Nella fase 1.4 del protocollo, è fondamentale assicurarsi che i pezzi di tube di Falloppio tagliati abbiano uno spessore di 3-5 mm. Se i pezzi sono troppo grandi, sarà difficile eseguire la fase 2.7 del protocollo e, in ultima analisi, ridurre la resa cellulare poiché sarà necessario un tempo di incubazione più lungo in DMEM/DNasi.

Sebbene la sospensione cellulare sia arricchita per le cellule epiteliali, la contaminazione delle cellule stromali è inevitabile. Se la preparazione deve essere puramente epiteliale, è possibile eseguire lo smistamento utilizzando la citometria a flusso e i marcatori che abbiamo descritto per isolare le cellule epiteliali e esaurire le cellule stromali.

In questo studio sono state utilizzate le tube di Falloppio in postmenopausa. Tuttavia, questo metodo è stato utilizzato con successo nel nostro laboratorio sulle tube di Falloppio in premenopausa. La principale differenza tra le tube di Falloppio pre e postmenopausali è la composizione delle cellule epiteliali ciliate e secretorie¹. Questo protocollo funziona per tutte le fasi riproduttive.

Questo efficiente protocollo faciliterà lo studio dei tipi cellulari dell'epitelio delle tube di Falloppio, compresa la delineazione delle linee cellulari, i loro cambiamenti dinamici durante i cicli riproduttivi e dopo la menopausa e il loro ruolo nell'avvio del carcinoma ovarico sieroso di alto grado.

Gli autori non hanno conflitti di interesse da dichiarare.

Gli autori Ruegg L, James-Allan LB e DiBernardo G sono parzialmente supportati dai progetti 1I01BX006019-01A2 e I01BX006411-01 della Greater Los Angeles Veterans Association a Memarzadeh S. L'autore Ochoa C è supportato da UCLA Eli e Edythe Broad Center of Regenerative Medicine and Stem Cell Research Rose Hills Foundation Graduate Scholarship Training Program.
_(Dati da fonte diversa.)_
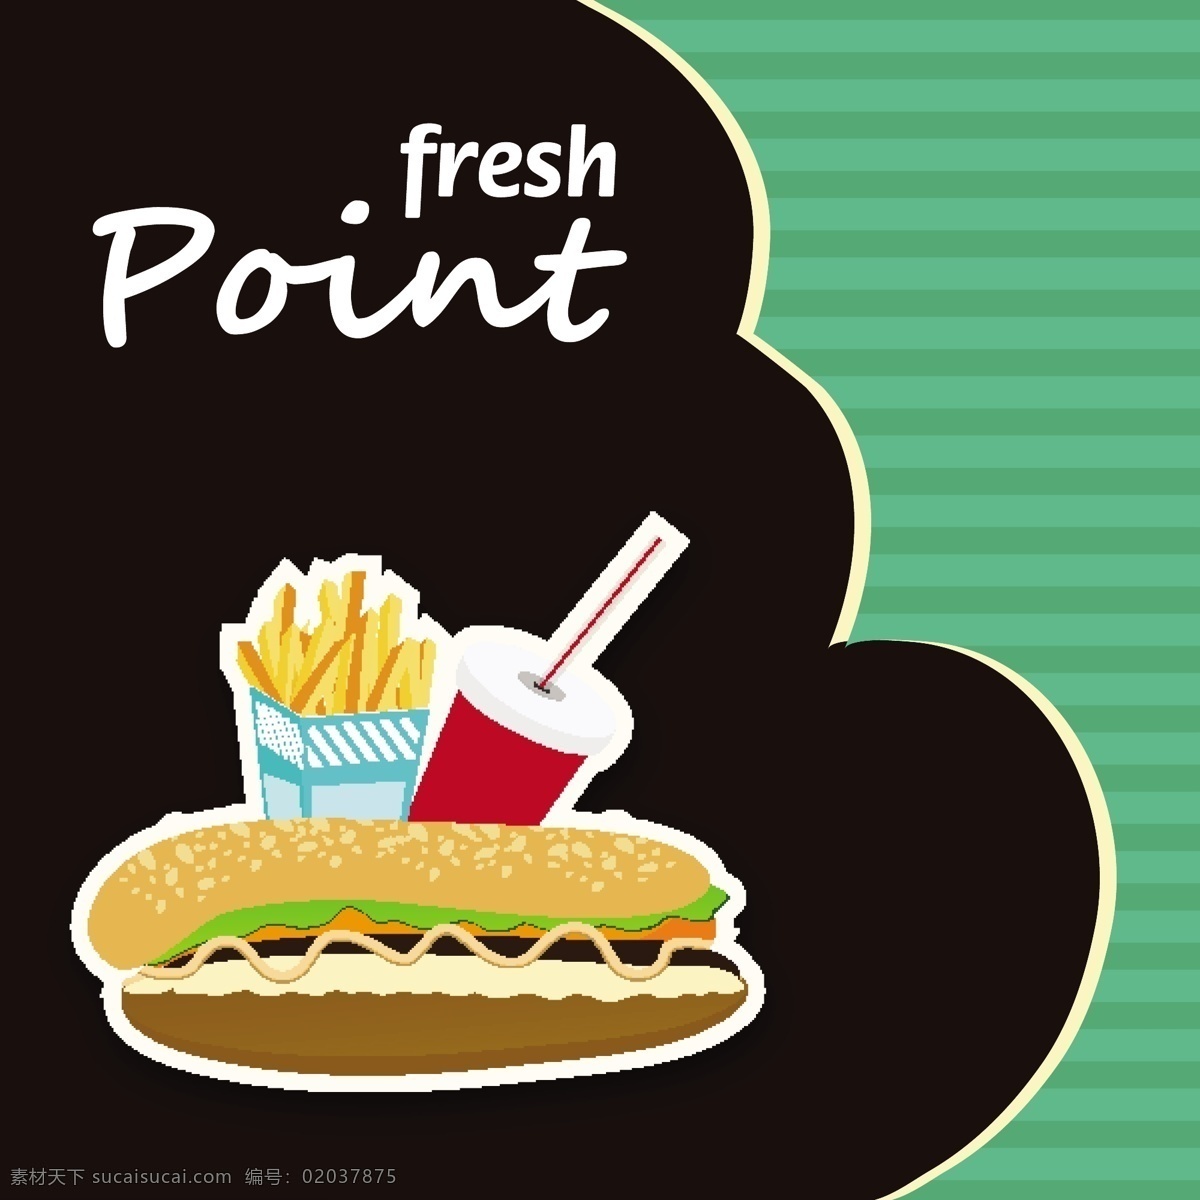 餐饮 图标 标签 矢量 模板下载 饮料 杯子 汉堡 美食 食物 餐饮海报 宣传海报 标志图标 矢量素材 黑色

Vogliamo ringraziare il Translational Pathology Core Laboratory dell'UCLA e in particolare Ko Kiehle e Chloe Yin per l'assistenza nell'approvvigionamento dei tessuti. Vogliamo anche ringraziare Ken Yamauchi e il BSCRC Microscopy core per la loro assistenza nell'imaging. La Figura 1 è stata creata con BioRender.com (numero di contratto JL27QWDYNT). Infine, vorremmo ringraziare Felicia Cordea e il nucleo di citometria a flusso BSCRC per l'assistenza nella citometria a flusso.